High Context Switching (Alerts: 0)

Excessive Processor Use by Processes (Alerts: 0)

Interrupt Time (Alerts: 0)

Network

Network Utilization Analysis (Alerts: 0)

Network Output Queue Length Analysis (Alerts: 1)

Memory Committed Bytes (Stats only)

Disk

Physical Disk Read Latency Analysis (Alerts: 94)

Physical Disk Write Latency Analysis (Alerts: 0)

Logical Disk Read Latency Analysis (Alerts: 2)

Logical Disk Write Latency Analysis (Alerts: 0)

Disk Free Space for a Kernel Dump (Alerts: 0)

Process IO Data Operations/sec (Alerts: 18)

Process IO Other Operations/sec (Alerts: 554)

LogicalDisk Disk Transfers/sec (Alerts: 0)

Memory

Free System Page Table Entries (Alerts: 0)

Pool Non Paged Bytes (Alerts: 0)

Pool Paged Bytes (Alerts: 0)

Available Memory (Alerts: 3)

Memory Pages/sec (Alerts: 2)

Memory Leak Detection (Alerts: 0)

Handle Leak Detection (Alerts: 0)

Process Thread Count (Alerts: 0)

High Virtual Memory Usage (Alerts: 0)

Process Working Set (Alerts: 0)

Memory System Cache Resident Bytes (Alerts: 1)

Memory Pages Input/sec (Alerts: 630)

Memory Percent Committed Bytes In Use (Alerts: 0)

 

 

Coordinator
Nov 24, 2009 at 8:34 AM

I have learned a lot after I initially wrote the PAL tool, but I have not updated the threshold files in PAL v1.x yet.

Page Inputs/sec accounts for all hard page faults, but not necessarily to the page file. This means that the hard page faults could be something as simple as backup software reading a memory mapped file. See my blog article, "The Case of the Phantom Page Faults" at http://blogs.technet.com/clinth/archive/2009/07/16/the-case-of-the-phantom-hard-page-faults.aspx.
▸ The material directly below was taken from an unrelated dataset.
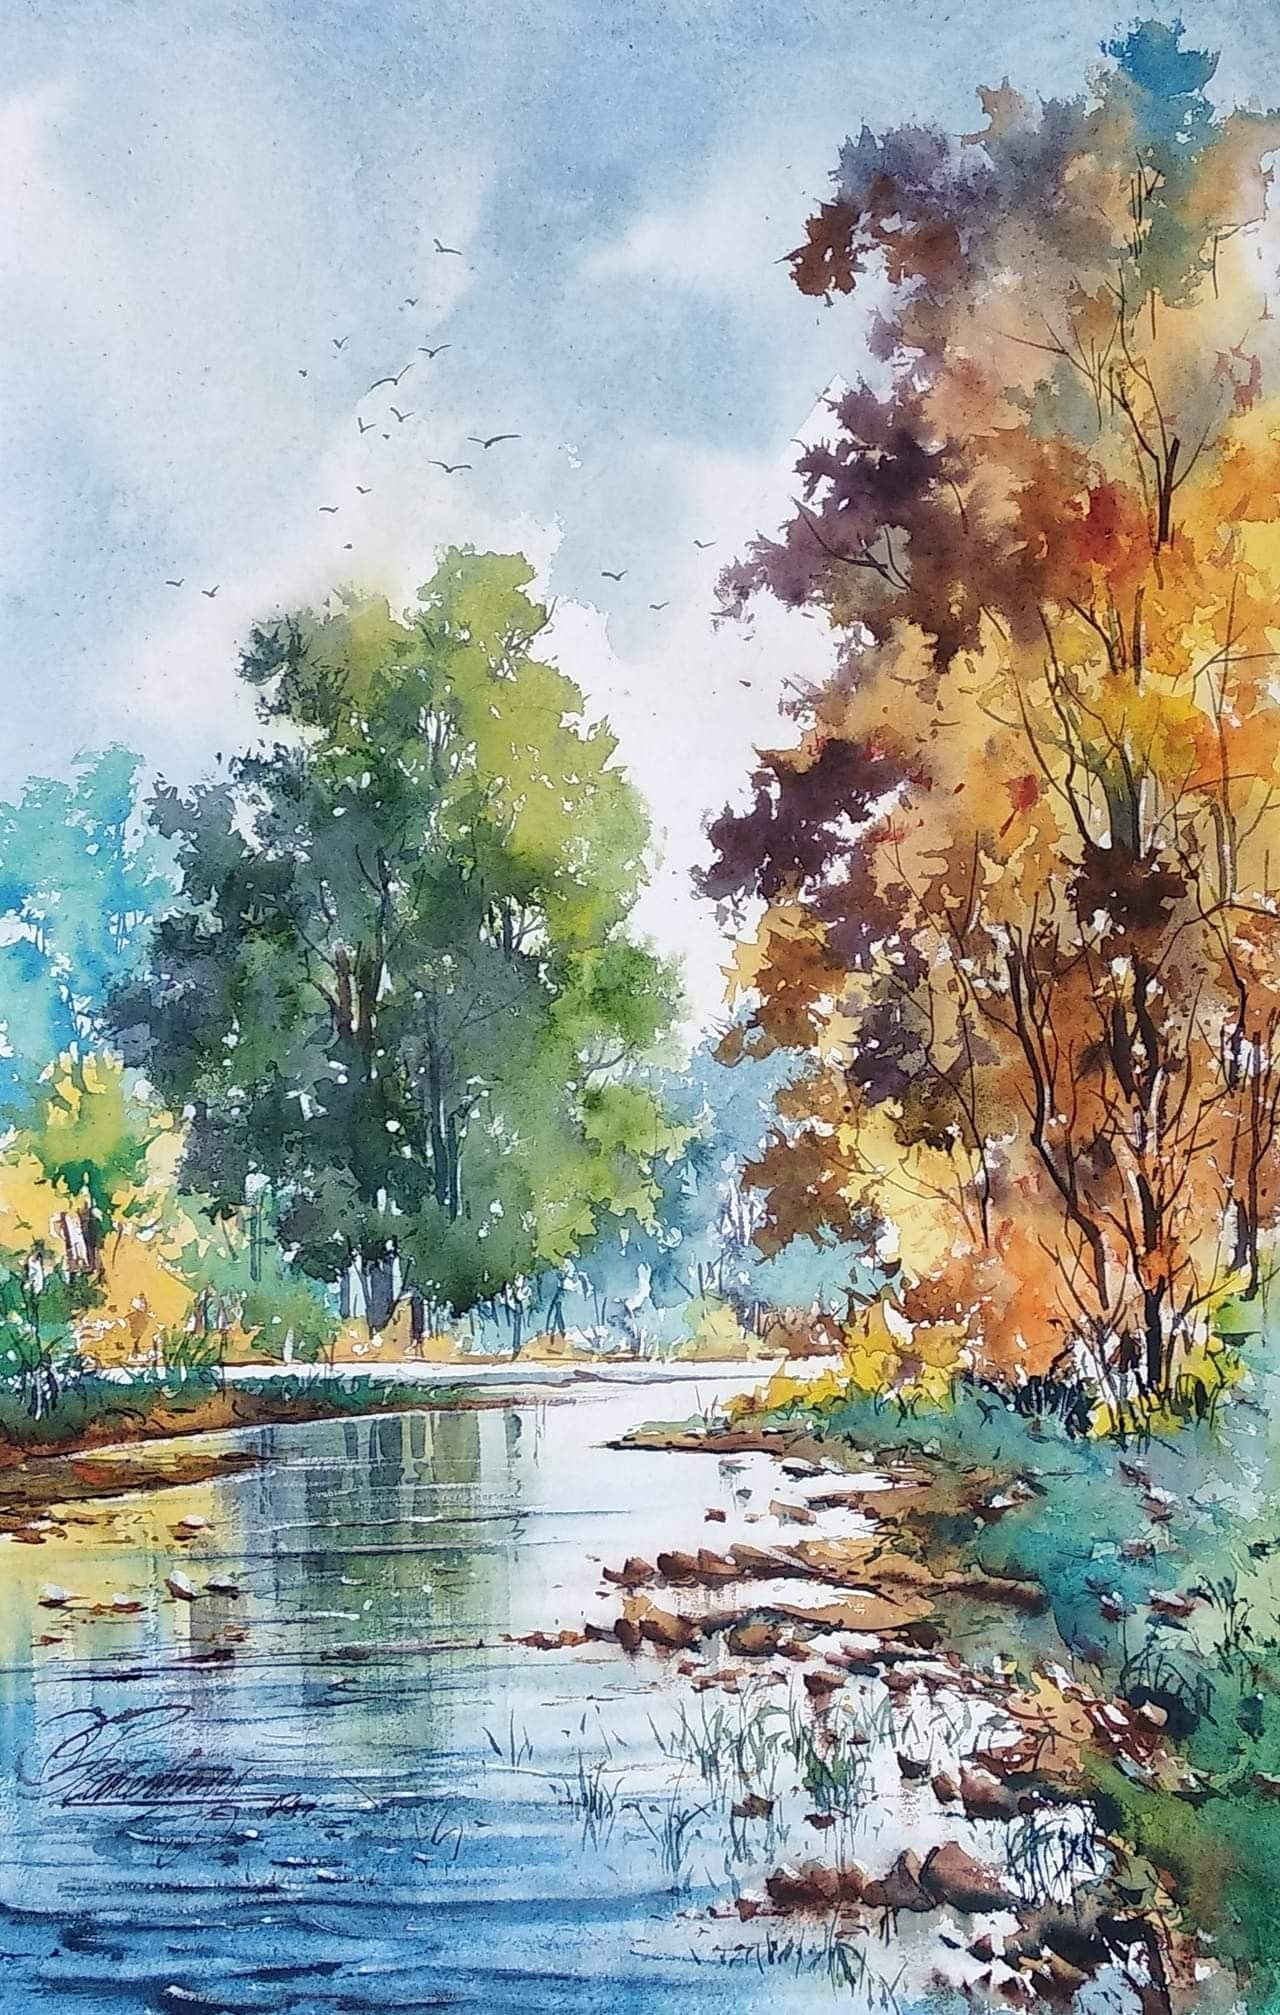 Water Color Painting Saved By Jayant Deshpande In Painting Resim Sanati Resimler Suluboya Cicekler

There is no *easy* way to determine if a Windows computer is really running out of memory because of how it can trim working memory to the page file to reuse RAM. I met with the Windows product team last month and recommended new counters to be added to Windows to show page *file* reads/sec and write/sec, so we can actually get a better idea of when the computer is running out of memory. For now, we have to just look at the Available MBytes counter. If Available MBytes is less then 100MBs or less then 10% of RAM, then the computer is likely running out of RAM. If Pages/sec increases dramatically when Available MBytes goes down, then that is another clue, but not direct evidence.

When the computer runs out of RAM, the kernel will trim the working sets (RAM used by processes) and page them out. If the Commit Charge (all committed memory on the computer) gets close to the Commit Limit (RAM + page file(s)), then the computer will fail to allocate memory or the system will expand the page file which could lead to page file fragmentation.

If your company has a Microsoft Premier Support contract, then consider the Vital Signs workshop. It's a Windows architecture workshop that I teach that focuses on performance analysis.